I've been looking into either buying or making my own home cloud server but haven't been able to find any information on whether the speed of my broadband uploads will govern how fast i can stream content on my home network. I know that it obviously will if I'm using it remotely from work or elsewhere but the home streaming is the most important bit for me. I greatly appreciate anybody that can clarify it for me.


----------



## kendallt (Feb 21, 2007)

Home streaming will depend on the speed of your home network, not the internet. 

Of course the speed of the computer or other device you use as the server will effect the performance, as will the number of people using it at any one time. 

My home network is faster at transferring files than my internet service is capable of.


----------



## bbless92 (Jan 21, 2017)

Thanks for the help. I thought as much, just didn't want to build it before I got a second voice on it!


----------



## pcride (Jan 29, 2016)

kendallt said:


> Home streaming will depend on the speed of your home network, not the internet.
> 
> Of course the speed of the computer or other device you use as the server will effect the performance, as will the number of people using it at any one time.
> 
> My home network is faster at transferring files than my internet service is capable of.

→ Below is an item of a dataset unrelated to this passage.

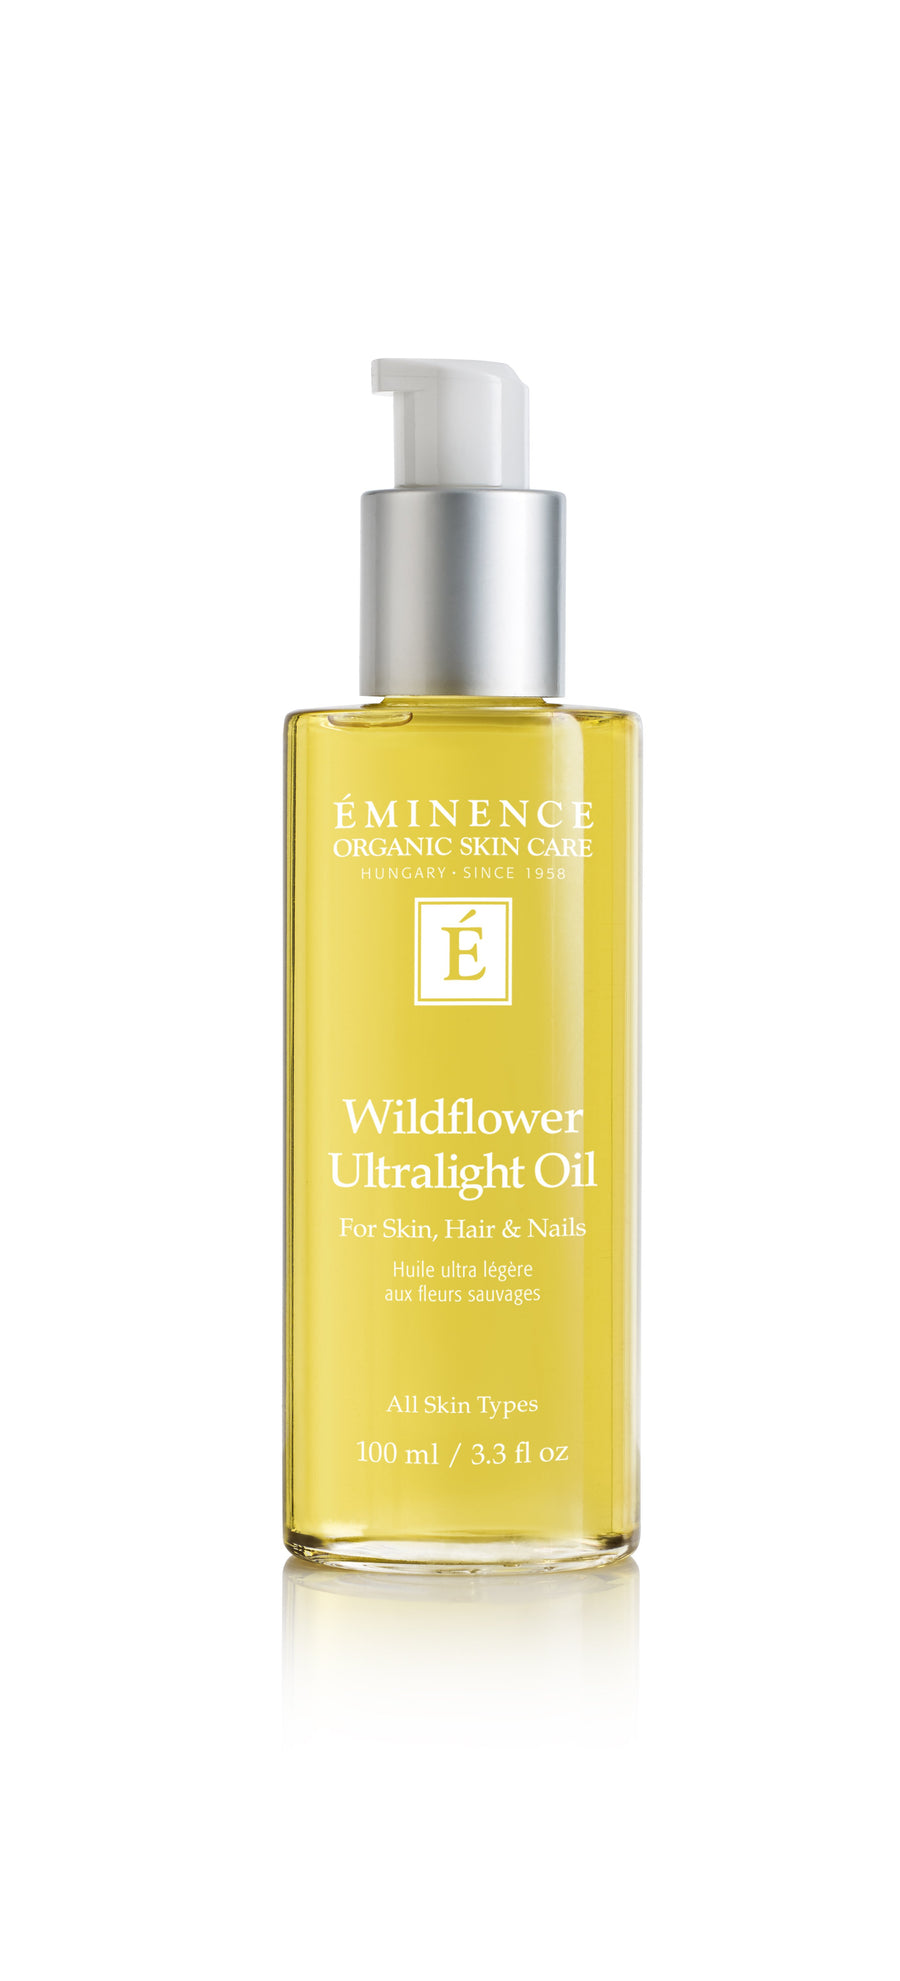 Eminence Organics Wildflower Ultralight Oil

Actually is has everything to do with your ISP upload speed. If you plan on accessing your "Cloud" remotely, then I can say you won't be pleased with the speeds. ISPs give you a small upload speed to prevent their users from running servers and clouds, thats why you always see big download speeds, but small upload speeds. Comcast offers no more than 9 Mbps upload, unless you pay for the 20 Mbs upload which I have. My download is 105 Mbps.

Anytime you are accessing your files from your home, you are "Uploading" the information to your device and if you only have 5Mbs upload lets say, its going to be slow and simply accessing a small file will take forever. You are better off going with Amazon cloud honestly if you must have access to your files remotely... but that decision is up to you. 

I created a simple VPN on my network and used my phone on cellular to access my network, it was slow and not even worth all the time it took to set it up and secure it.

The plain and simple fact is that ISPs don't want you to have large upload speeds.


----------



## kendallt (Feb 21, 2007)

You are correct with streaming over the internet, the OP stated he knew that would be effected.
The question was regarding PC to PC streaming on the same 'in house' network, which is not effected by internet speeds.


----------